Is A-(BnC)=(A-B)U(A-C) a Valid Equation in Set Theory?

[a_skier]

A-(B\bigcapC)=(A-B)\bigcup(A-C)

If A-B={xlx\inA and x\notinB}
A-C={xlx\inA and x\notinC}

then (A-B)\bigcup(A-C)={xlx\inA, x\notin(B and C)

Let X=A and Y=(B\bigcapC)

X-Y={xlx\inX and x\notinY}
x\notinY
x\notin(B\bigcapC)
x\notin(B and C)

Therefore, A-(B\bigcapC)=(A-B)\bigcup(A-C).

Is this anywhere close to being right? I want to self study some rigorous math this summer but the hard part is that I don't have anything to check against to see if my answers are correct or not.

 

[mathman]

A-(B\bigcapC)=(A-B)\bigcup(A-C)

If A-B={xlx\inA and x\notinB}
A-C={xlx\inA and x\notinC}

then (A-B)\bigcup(A-C)={xlx\inA, x\notin(B and C)

Let X=A and Y=(B\bigcapC)

X-Y={xlx\inX and x\notinY}
x\notinY
x\notin(B\bigcapC)
x\notin(B and C)

Therefore, A-(B\bigcapC)=(A-B)\bigcup(A-C).

Is this anywhere close to being right? I want to self study some rigorous math this summer but the hard part is that I don't have anything to check against to see if my answers are correct or not.

(A-B)\bigcup(A-C)={xlx\inA, x\notin(B and C)
has to be justified.

also "and" and "\bigcap" are the same.

 

[Borek]

I always find it fascinating that people use latex just for a single symbol, instead of formatting whole expression.

A-(B\cap C)=(A-B)\cup(A-C)

 

[a_skier]

Ok so I worked through all the exercises up to this one. Here's what I came up with.

prove:
A−(B\capC)=(A−B)\cup(A−C)

Let S=B\capC={xlx\inB, and x\inC} (By the definition of intersection)

Thus A-S={xlx\inA and x\notinS}
={xlx\inA,x\notinB, and x\notinC} (see justification 1)

Next, let S_{1}=A-B={xlx\inA and x\notinB}
let S_{2}=A-C={xlx\inA and x\notinC}

Thus, S_{1}\cupS_{2}={xlx\inA. x\notinB, and x\notinC} (by the definition of union - see 2)

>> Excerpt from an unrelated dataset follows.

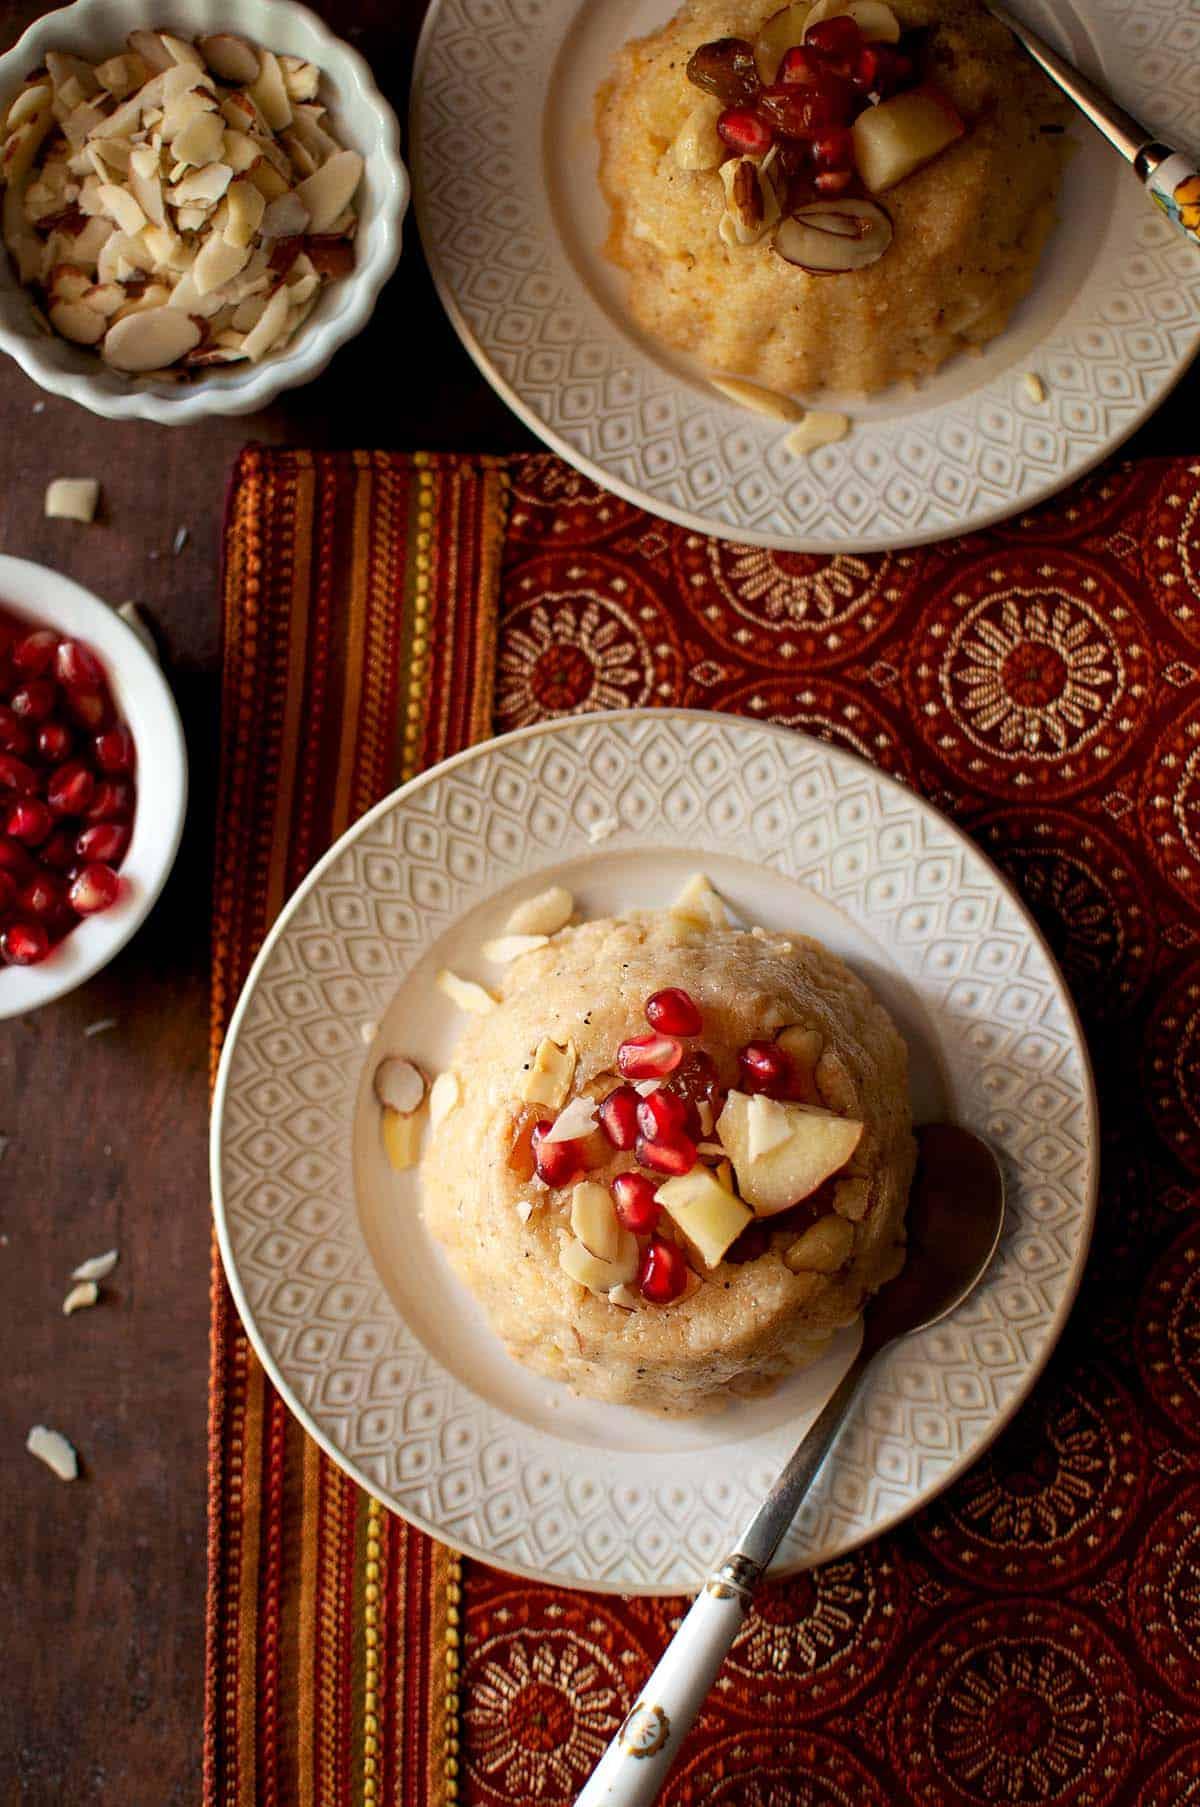 White plate with Jonna rava kesari topped with fruit

Therefore: A-S=S_{1}\cupS_{2}

Justifications:

1)A-B={xlx\inA and x\notinB}
2) Union is defined as the set of those elements which are in A, in B, or in both. Therefore if A={xlx satisfies P and x\notinC} and B={xlx satisfies Q and x\notinD} (where P and Q are arbitrary conditions and C and D are other sets) then A\cupB= {xlx satisfies P,Q, x\notinC, and x\notinD}.

What do you guys think?

 

[mathman]

Thus A-S={xlx∈ A and x∉ S}
={xlx∈ A,x∉ B, and x∉ C} (see justification 1)

Wrong: should be {xlx∈ A and (x∉ B or x∉ C)}